Prior to the new facility, NPPD’s crews would have to hoist the equipment off the back of a truck and drive the truck forward before lowering the equipment down to the ground. Using cranes has provided a much safer environment for crews to complete this work. This space also is used for inspecting large equipment, such as aerials and digger derricks, where the booms on the back of the truck can be extended out and inspected indoors, in the controlled environment. The bay also can be used for washing the fleet of equipment.
The maintenance bay also has provided a great space to receive and unload both small and large deliveries made to the operations center. For example, when receiving a delivery of trailers stacked on top of each other, they can be unloaded in a safe environment. This includes small equipment and bumper-pole trailers up to large flatbed semitrailers.
Most of the equipment ordered and used by the operations team is received and dispersed through this facility. When shipments of equipment and supplies are received, the maintenance bay is large enough that trucks can pull into the bay.

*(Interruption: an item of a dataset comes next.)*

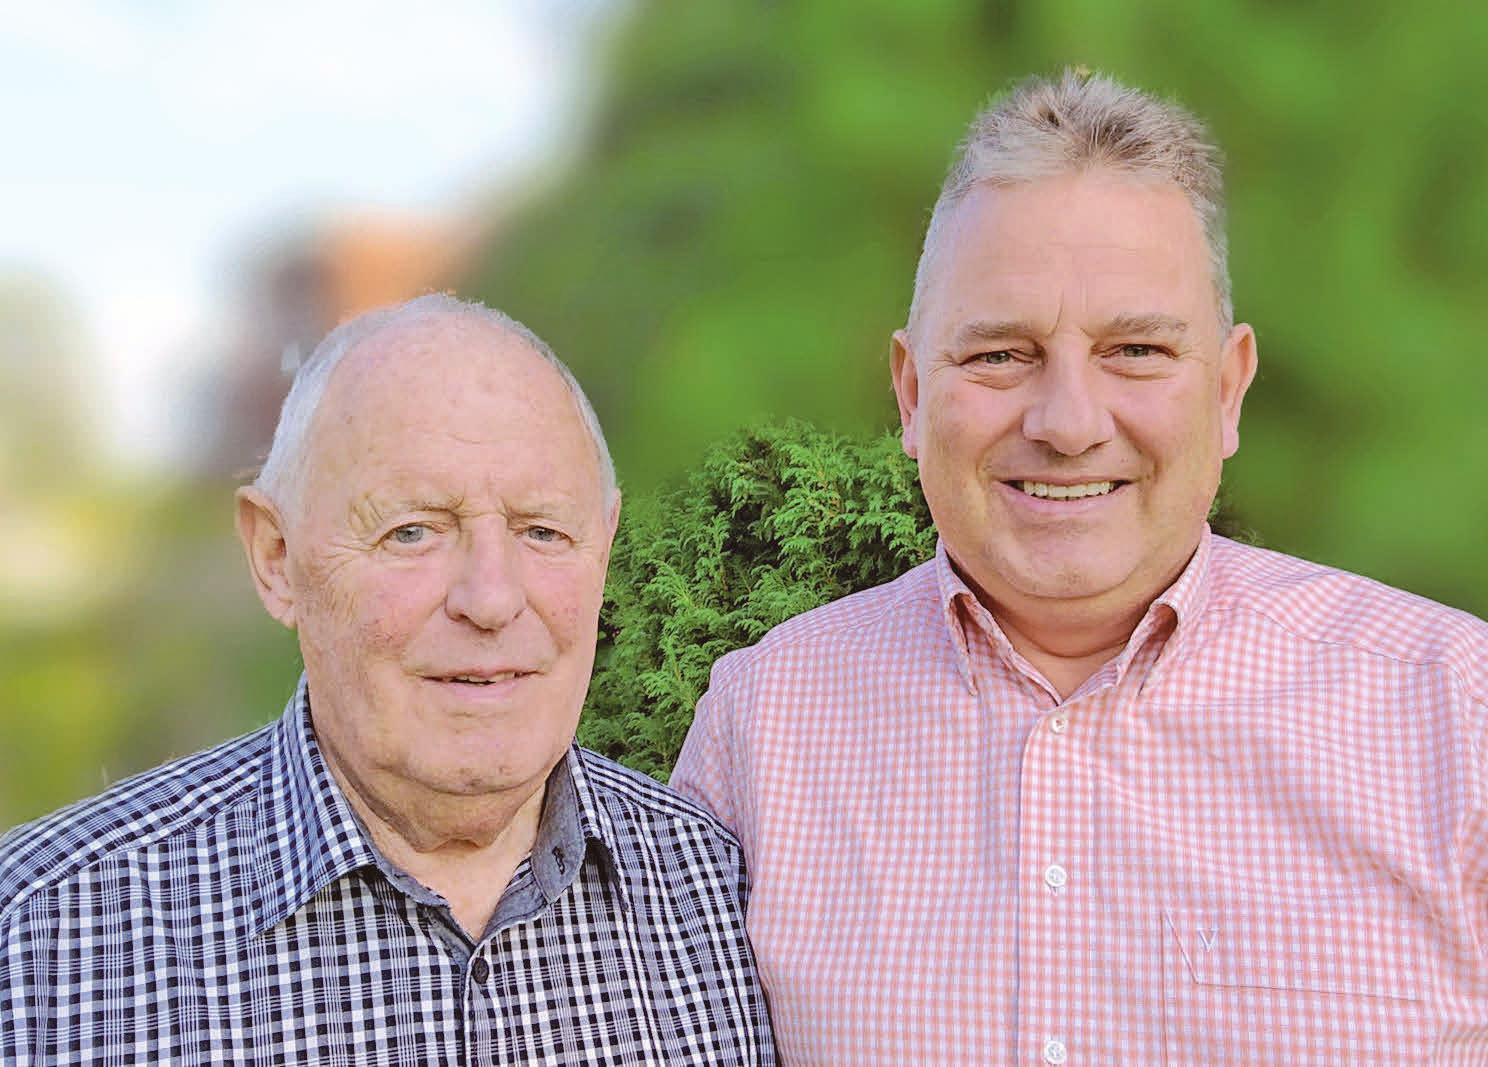 Generationenübergreifend: Jürgen Schiffelholz (links) legte 1969 den Grundstein für das Versicherungsbüro, das sein Sohn Stefan Schiffelholz ausbaute. Foto: privat

Deliveries can be unloaded by forklift and taken to the storage area without having to go outside if weather conditions are not ideal.
In addition to completing maintenance and handling large deliveries, the bay also can house some of the large trucks used by the distribution and transmission crews if strong winter weather is expected to hit the area. That allows for crews to quickly respond to outages caused by bad weather, because the trucks and equipment are ice free, clean and in peak operating condition.
Serving Customers
Keeping the lights on is a central focus for how NPPD aims to serve customers. Having a facility that can keep the operations team prepared for what they will encounter daily, operating at a high level and training in a safe environment year-round is a major catalyst to achieving and maintaining that focus.
Scott Walz has worked at Nebraska Public Power District for 35 years and currently serves as the transmission and distribution, construction and maintenance manager. Walz has an associate’s degree in utility line from Northeast Community College as well as a bachelor’s degree in business and a master’s degree in business management from Peru State College.